1.5% Interest Rates by the end of 2017?

The potential for 3 interest rate hikes next year will affect money supply in general but may also affect certain sectors of the economy more than others. If every rate hike indeed happens and the Fed hikes by 25 basis points each time, then by the end of 2017 the rates will be at 1.5%. This affects the auto industry and construction directly. Both industries rely on their client’s ability to obtain credit in order to make their sales.

Other markets will suffer

But auto makers, banks and companies involved in construction will not be the only sectors of the market that could see their business affected. Commodities, especially oil, could well see their prices plummet. In fact, WTI already responded to yesterday’s announcement, dropping by more than 3.8%. That is the sharpest drop since the OPEC deal was announced and the price of oil started climbing. With 3 more hikes in 2017, oil could well go back down to the $45 USD range.

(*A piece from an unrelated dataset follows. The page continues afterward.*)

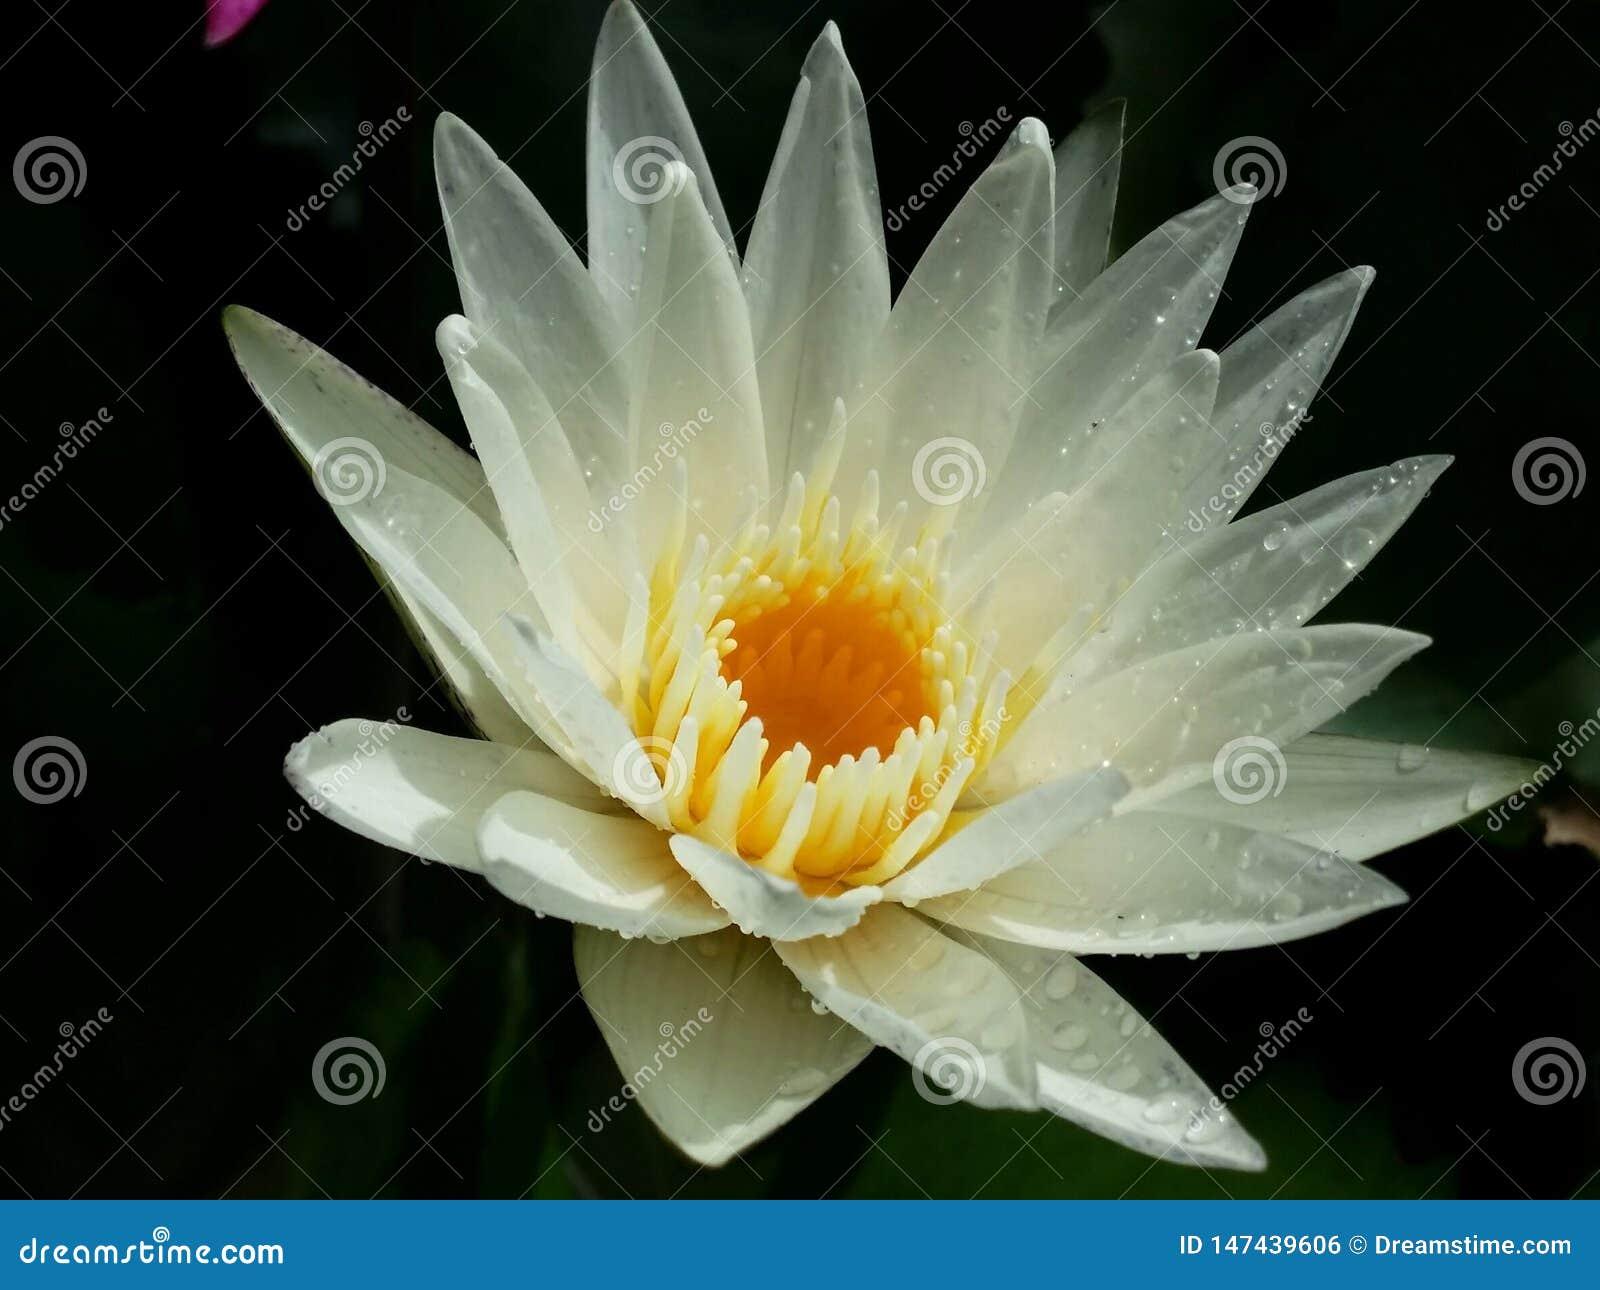 I fiori di loto bianco sono piena fioritura, molto bella

Interest rates will strengthen the US Dollar

The prize of oil and other commodities will go down because the US Dollar will strengthen every time the fed hikes the rates. This might also take a bite out of the goals that Trump wants to deliver on. A more expensive US Dollar will encourage more imports, thus taking a bite out of the fiscal expansion. If markets were just celebrating with a Trump rally, now the Fed will make them sober up. Trump and the Fed are poised to make 2017 a year full of surprises.